Conor Daly loses Lilly Diabetes sponsorship after his father's use of racial slur on air in 1980s

Lilly Diabetes has pulled its sponsorship ahead of Conor Daly’s NASCAR debut after it surfaced that his father, Derek Daly, used a racial slur in a live radio interview in the early 1980s. (AP Photo/Michael Conroy)

NASCAR driver Conor Daly lost one of his sponsors this week ahead of his NASCAR debut — though not because of anything that he did.

It’s because of something his father did.

Lilly Diabetes pulled its sponsorship decals from Conor’s car on Friday, just before Saturday’s Xfinity Series race at Road America over comments his father made more than 30 years ago.

Conor’s father, Derek Daly, admitted to using a racial slur in a live radio interview in the early 1980s on Thursday.

Derek, who worked as a freelance racing analyst for WISH-TV, admitted to using the N-word during an interview at Indianapolis Motor Speedway in the early 1980s on Thursday, which led the station to dissolve its relationship with him this week, according to the Indianapolis Star. Larry Henry, who was the IMS radio announcer at the time, told the Indianapolis Star that he recalled freezing on air after Derek used the N-word, and then quickly threw the broadcast back to the station.

Though Conor was born in 1991, around a full decade after Derek used the slur on air, Lilly Diabetes said that it didn’t want the distraction from their cause.

“Our sponsorship in Saturday’s race is intended to raise awareness of treatment options and resources for people living with diabetes,” Lilly Diabetes said in a statement. “Unfortunately, the comments that surfaced this week by Derek Daly distract from this focus, so we have made the decision that Lilly Diabetes will no longer run the No. 6 at Road America this weekend.

“We remain committed to our mission of supporting people with diabetes.”

Conor spoke out on Twitter on Friday night.


“The last 24 hours have been quite an unnecessarily difficult ride for my family,” Conor tweeted. “There is A LOT I want to say, but I’m still here and still racing. I appreciate the support from Roush Fenway Racing and ALL of you. Lilly Diabetes has been a big part of my career and I’m very thankful.”

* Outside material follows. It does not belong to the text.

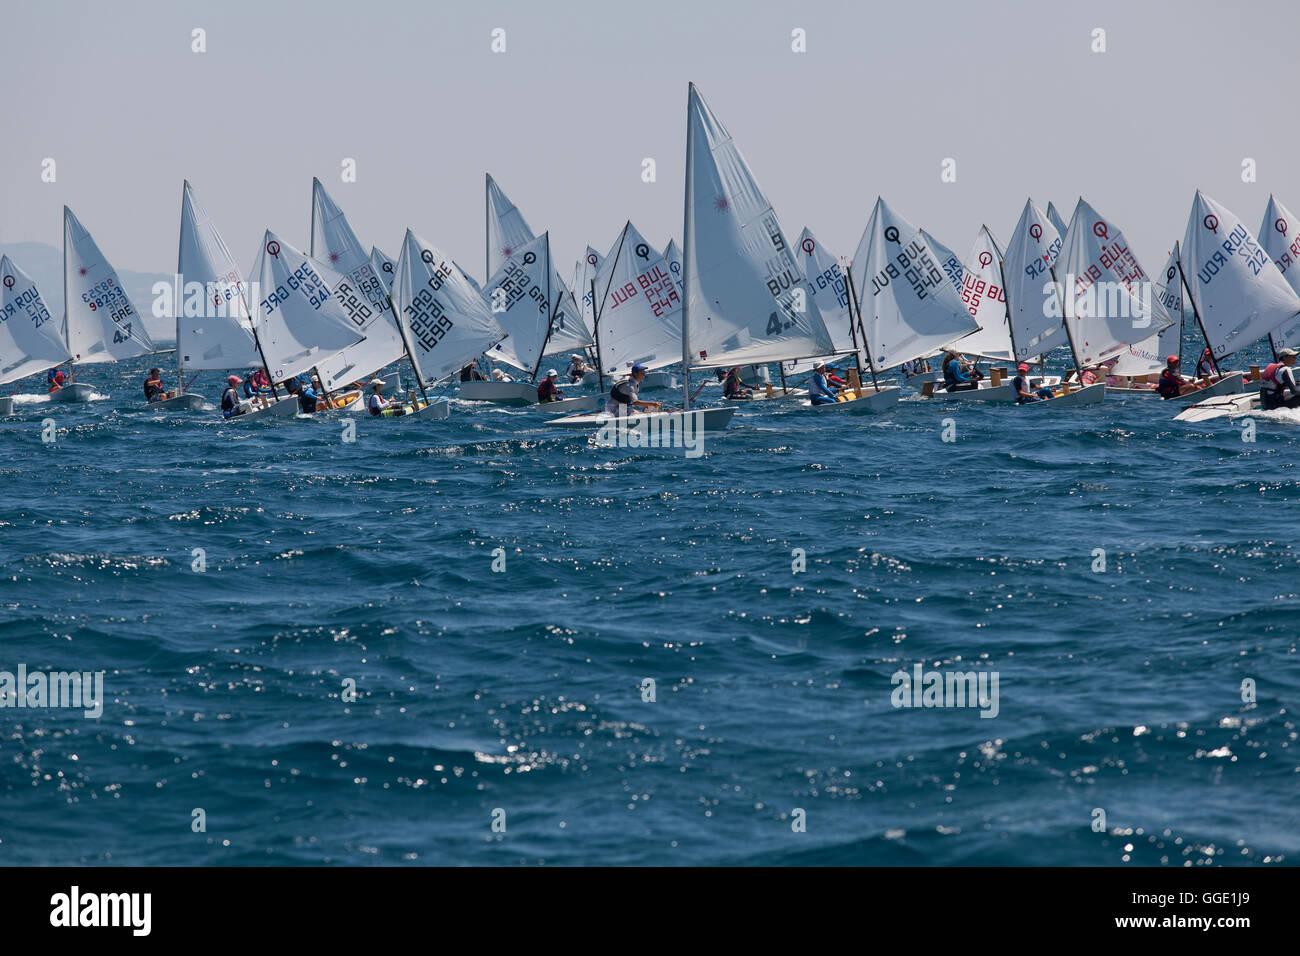 ALEXANDROUPOLI, GREECE - JULY 21: An unidentified sailing athletes at International Summer Regatta sailing action - Stock Image

Conor — who has Type I diabetes himself — partnered with Lilly Diabetes on May 11, when the company announced it would sponsor Conor at the Indy 500 and at the NASCAR Road America race on Saturday, according to the Indianapolis Star, which marks his NASCAR debut. He was to work with them on their Drive Down A1C initiative, which helps motivate fans with Type II diabetes to better manage their health.